Required action
Copy task, pictures excluded: set down exactly the lines from the one containing "vertigo_mugs" to the end of the data below.

Provided data

- Opening Delimiter -

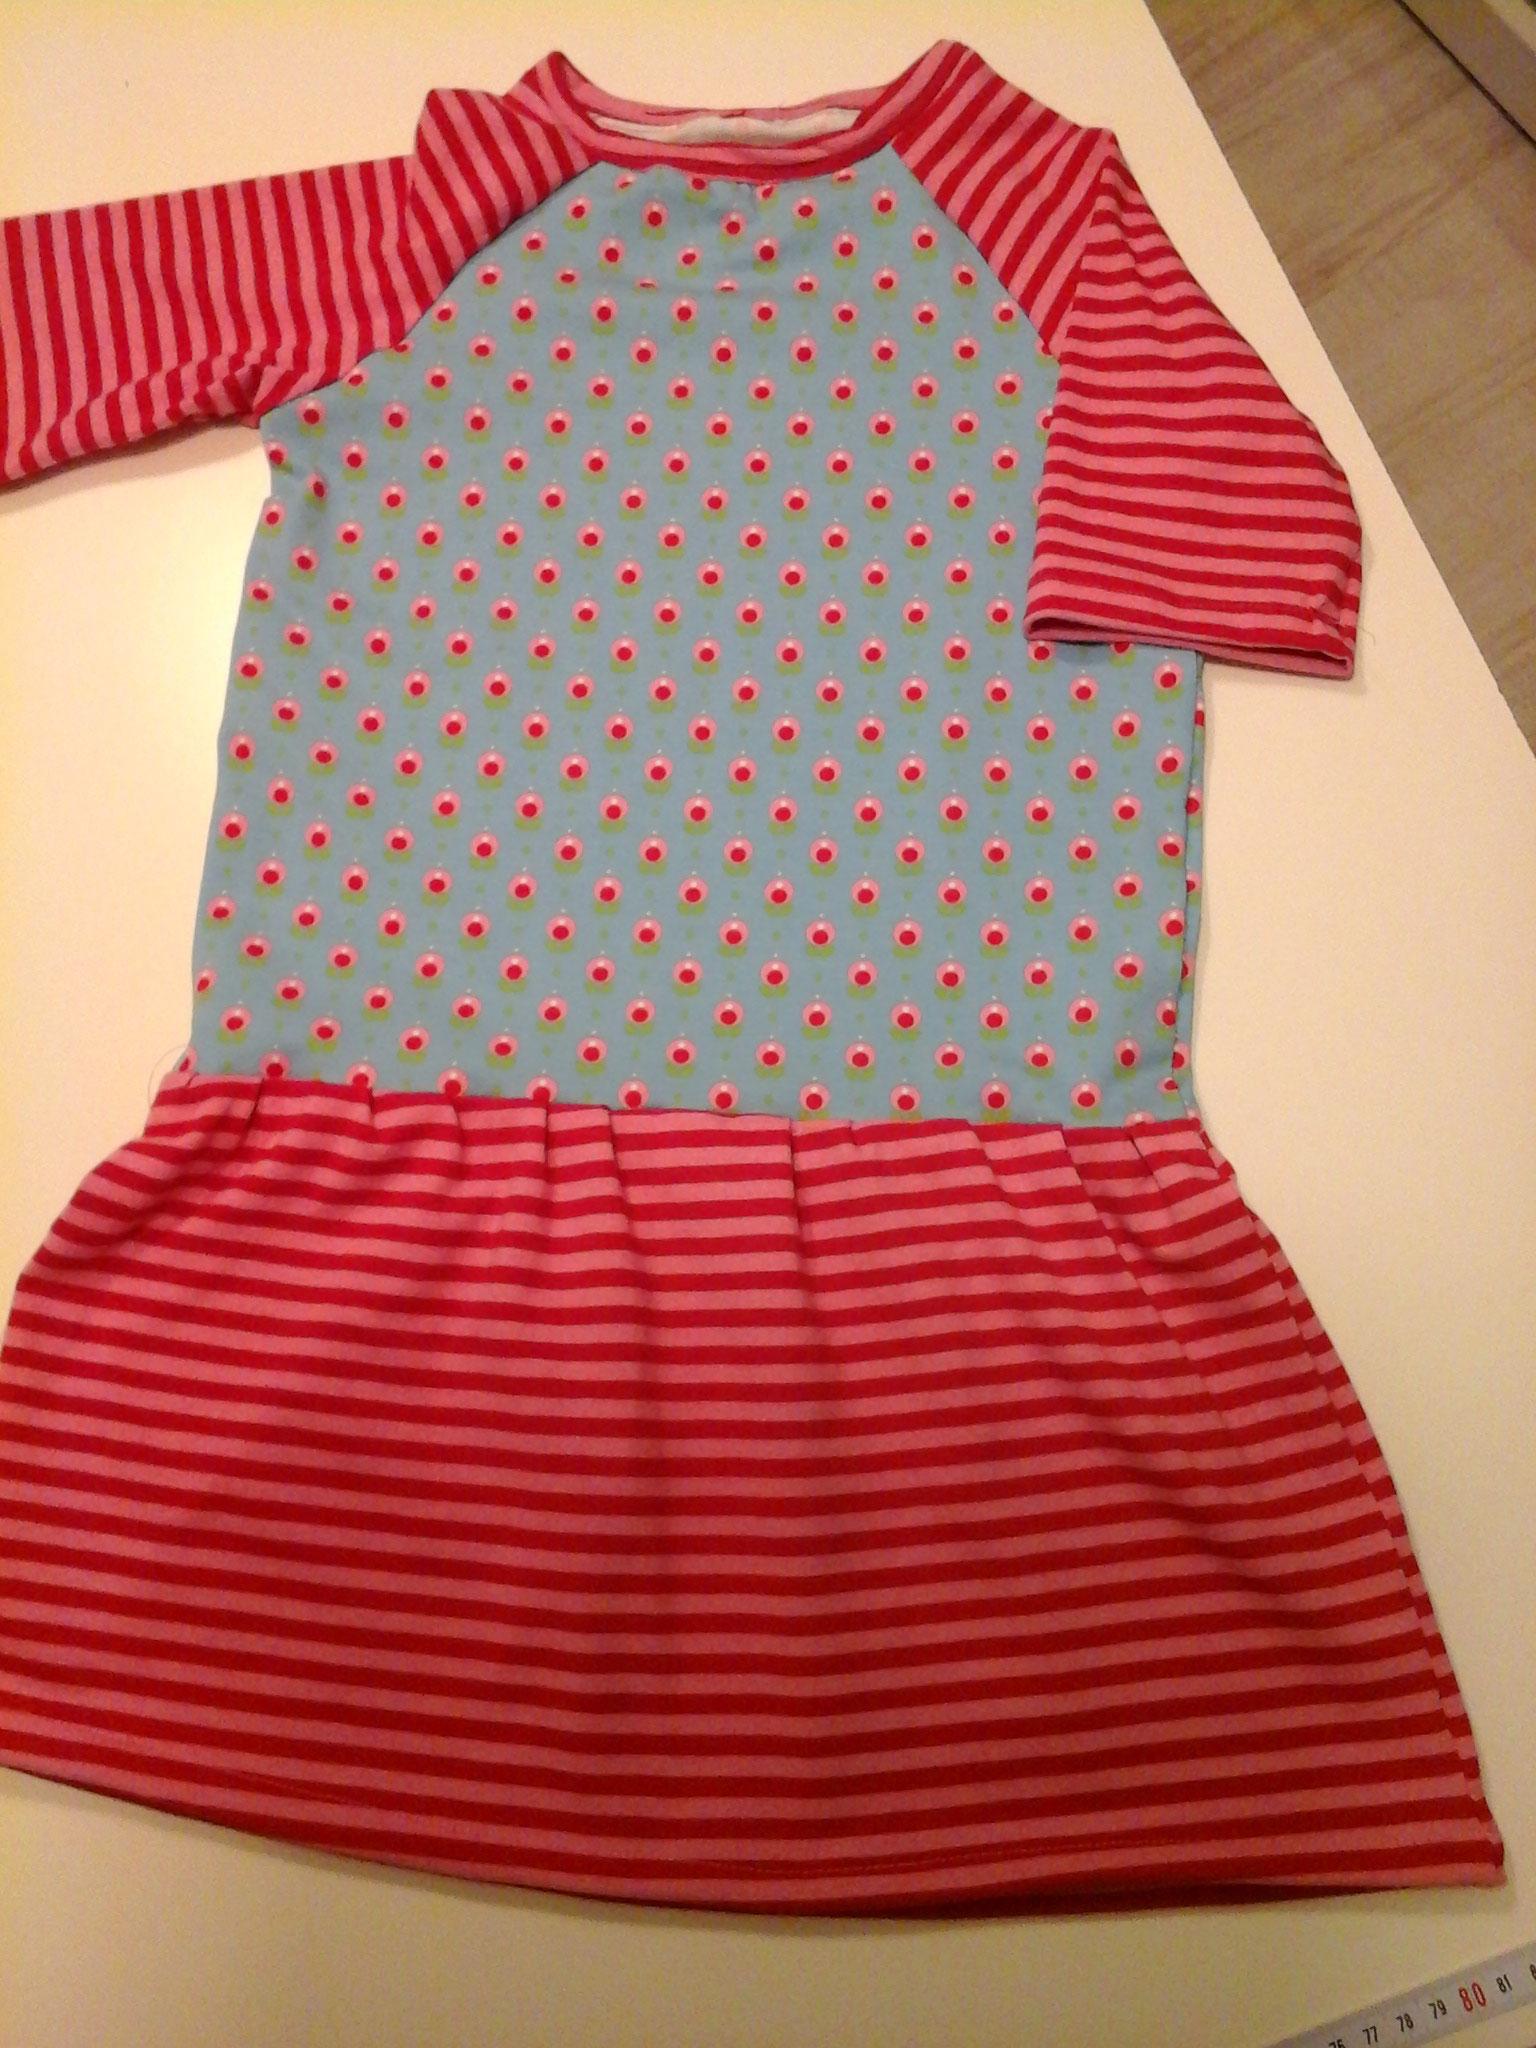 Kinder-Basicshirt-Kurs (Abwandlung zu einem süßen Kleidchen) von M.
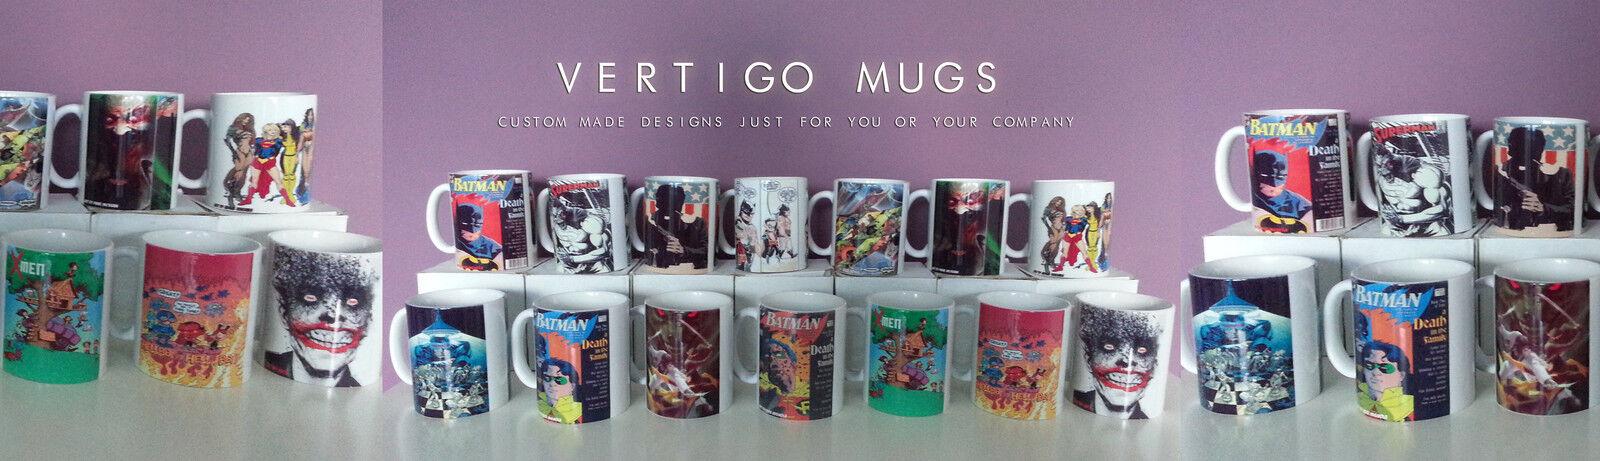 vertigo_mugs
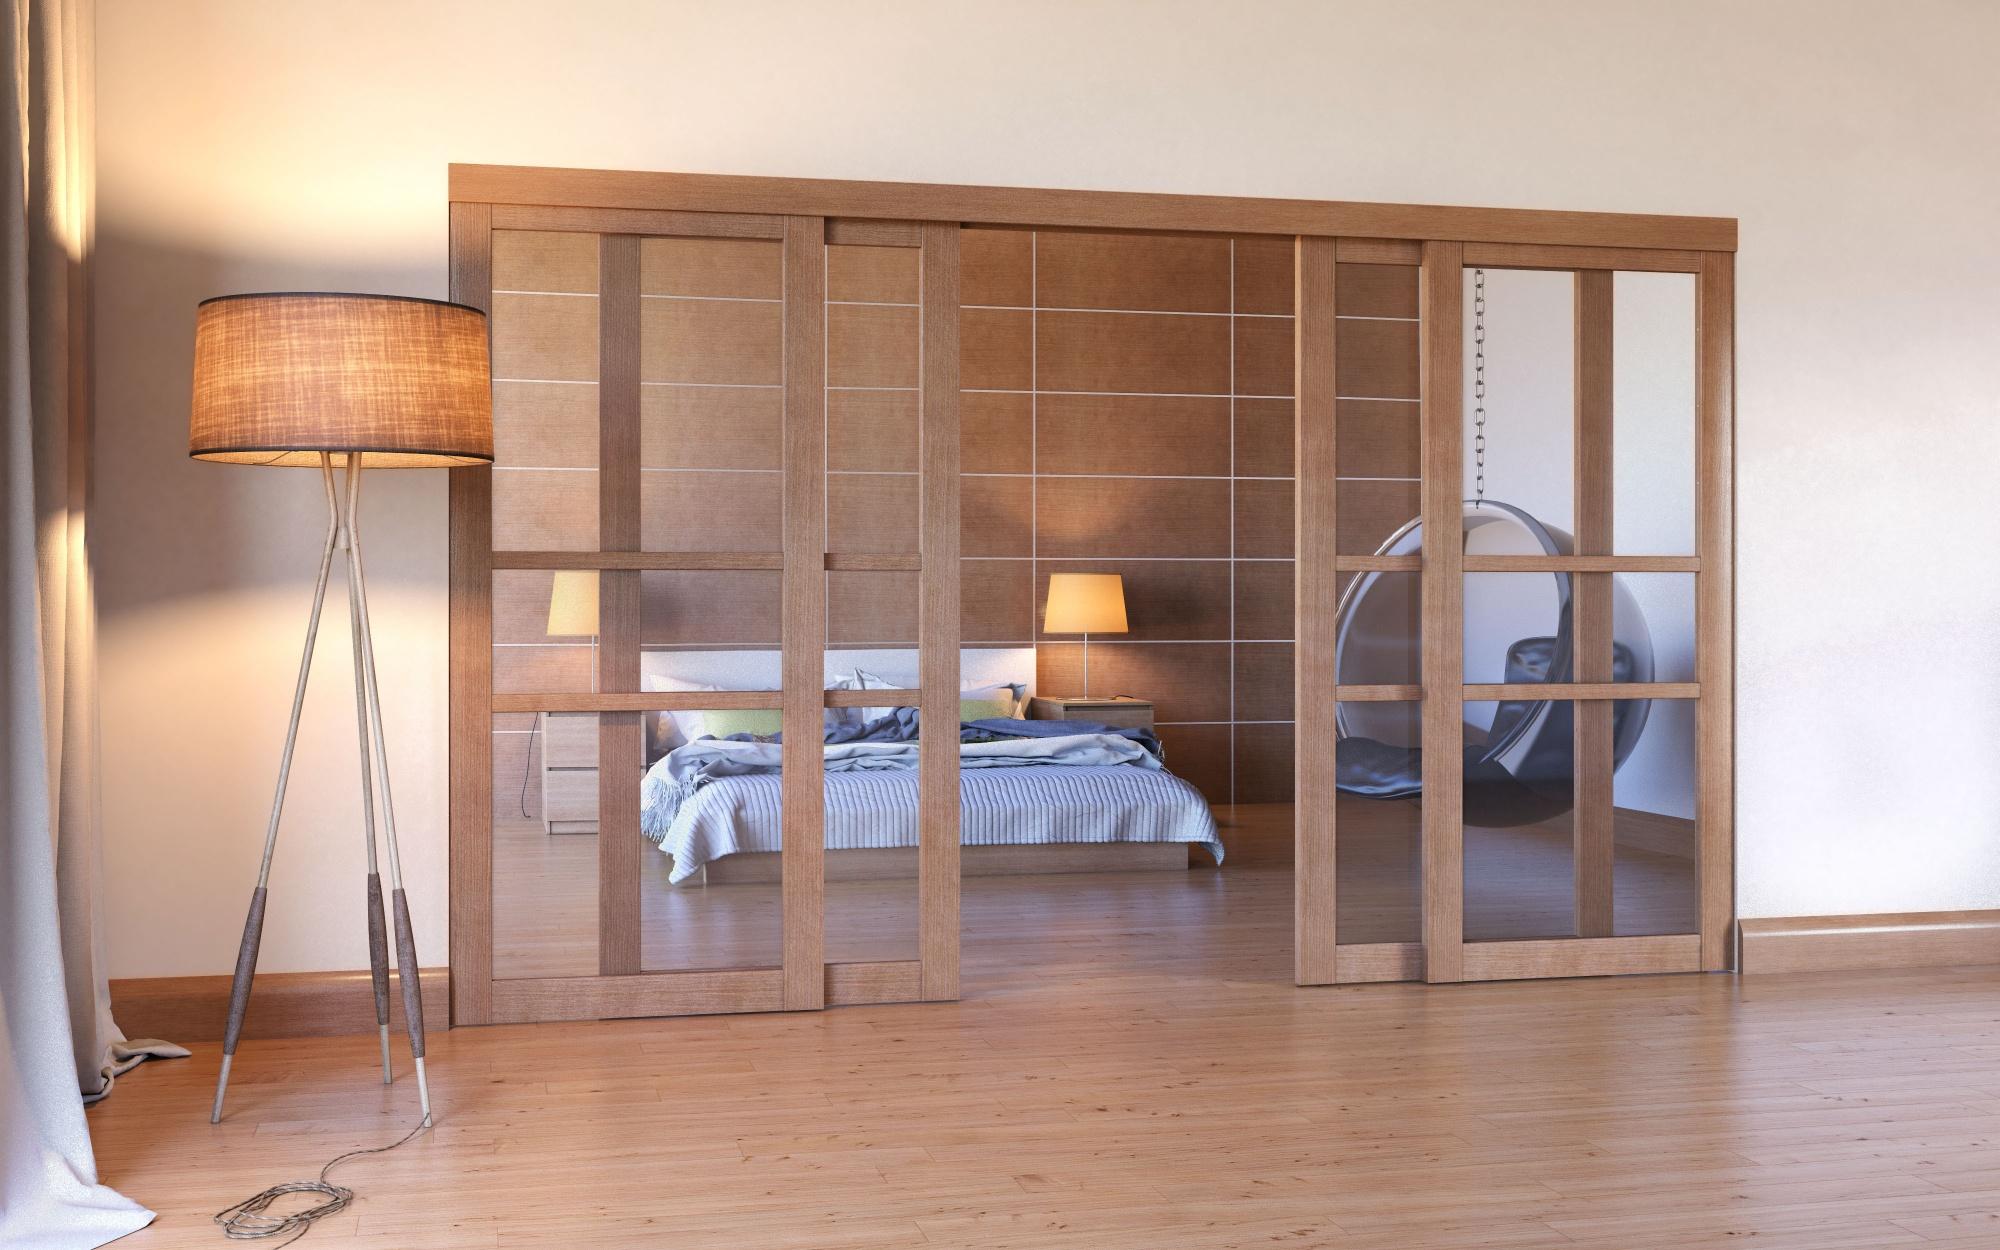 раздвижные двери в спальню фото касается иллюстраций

- Closing Delimiter -

Answer box
 vertigo_mugs
 раздвижные двери в спальню фото касается иллюстраций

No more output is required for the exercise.